The social media company linked the troll farm, based alongside the MEK’s headquarters in Albania, to 300 different assets on Facebook’s platform, including pages, groups and accounts engaged in coordinated inauthentic behavior.

The Mujahideen-e-Khalq, which began as a Marxist revolutionary organization, opposed Iran’s monarchy in the 1970s and fought alongside the IRGC to overthrow the Shah of Iran. After the revolution, the IRGC cracked down on the MEK and the group sought refuge in Saddam Hussein’s Iraq. The U.S. designated the group as a terrorist organization in 1997 but the Obama administration removed the designation in 2012.

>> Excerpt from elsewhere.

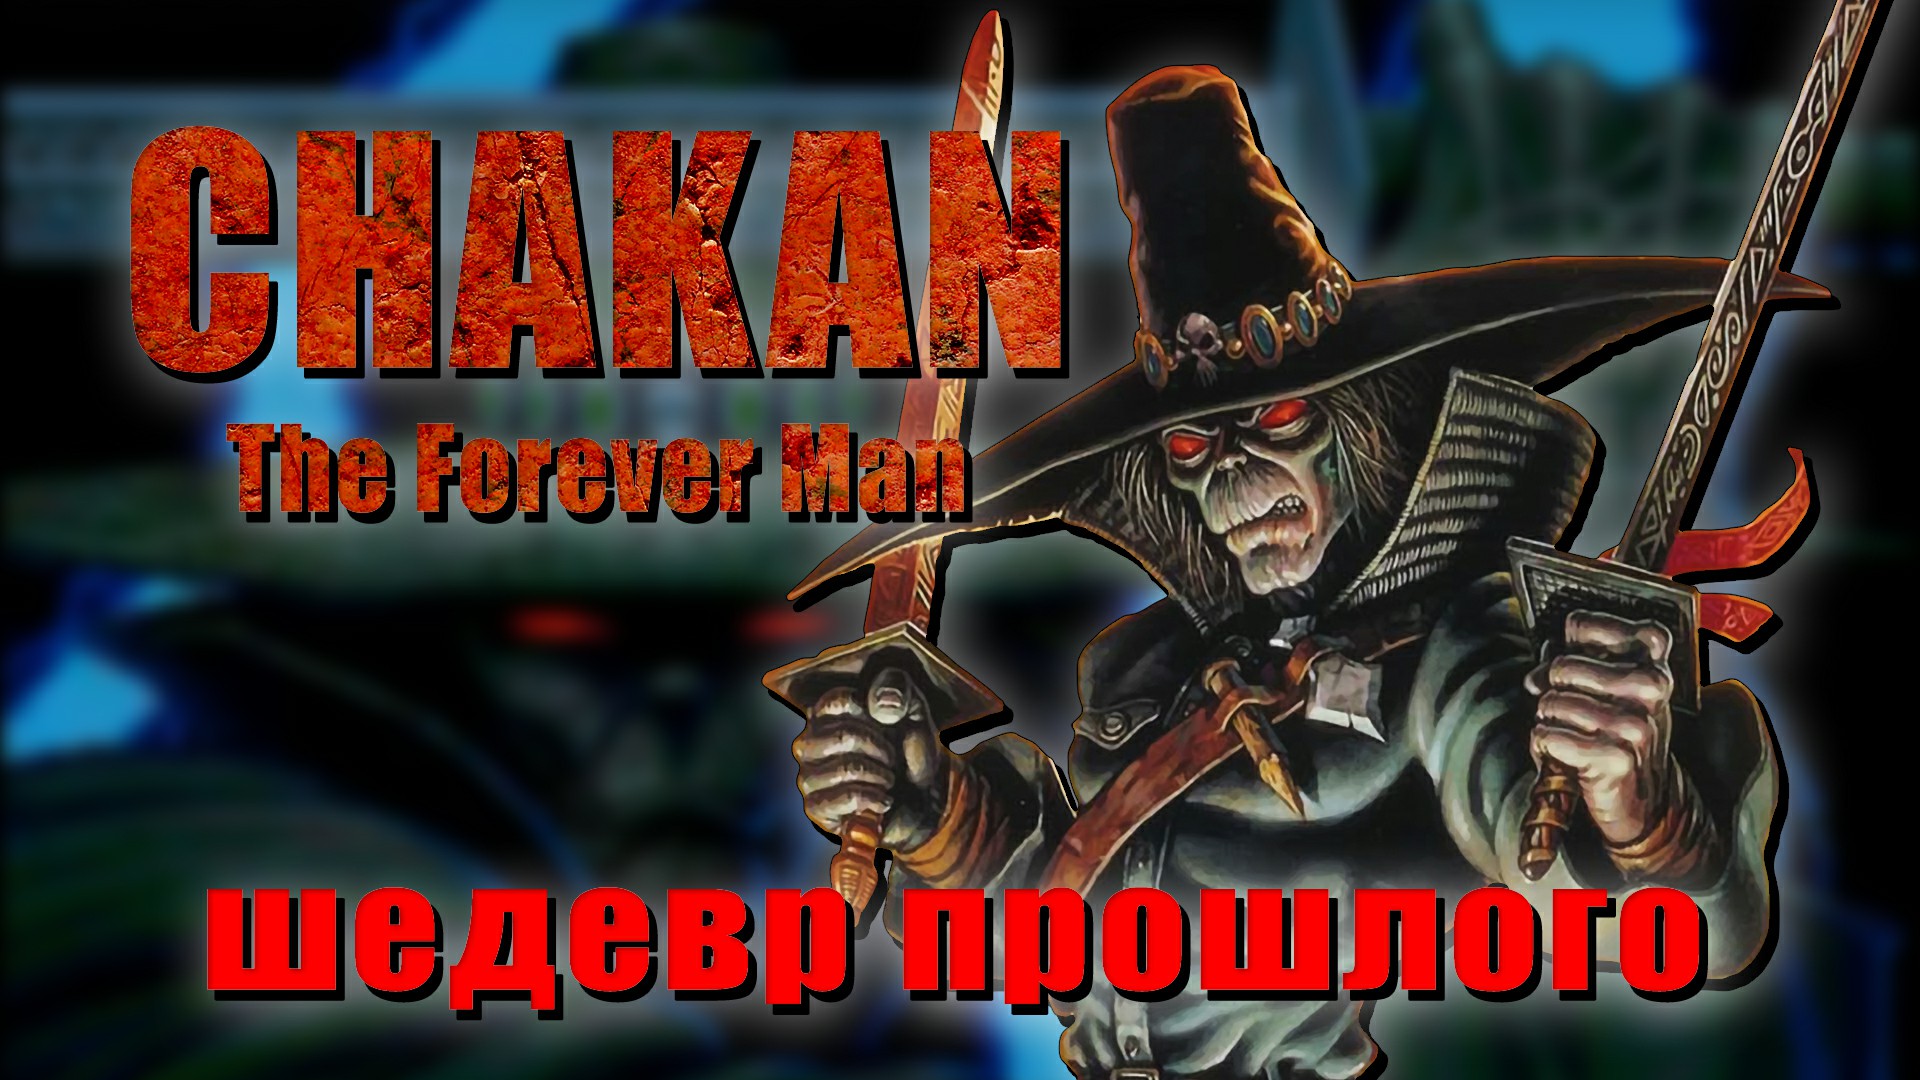 Шедевры прошлого. Chakan The Forever Man для Mega Drive. Ностальгический рассказ

Since then, the group has spent millions of dollars cultivating allies in the U.S. and advocating for regime change in Iran. It’s also spent big on speaking fees for high profile Democratic and Republican heavyweights it considers allies, including Rudy Giuliani, former Vermont governor and DNC chair Howard Dean, and former Trump national security advisor John Bolton.

The group is known for its strict control of members. A 2005 study by Human Rights Watch based on interviews with MEK dissidents included testimonies about “abuses ranging from detention and persecution of ordinary members wishing to leave the organization, to lengthy solitary confinements, severe beatings, and torture of dissident members.”

In a 2009 study, RAND researchers alleged that the group displayed a number of “cult characteristics,” including “intense ideological exploitation and isolation,” “sexual control,” “emotional isolation,” and other such tactics.

While the U.S. has accounted for much of the MEK’s lobbying focus, the troll farm it ran was apparently focused more on Iranian and diaspora audiences. Facebook says the majority of posts by the troll farm were in Farsi with a smaller number in Arabic and English.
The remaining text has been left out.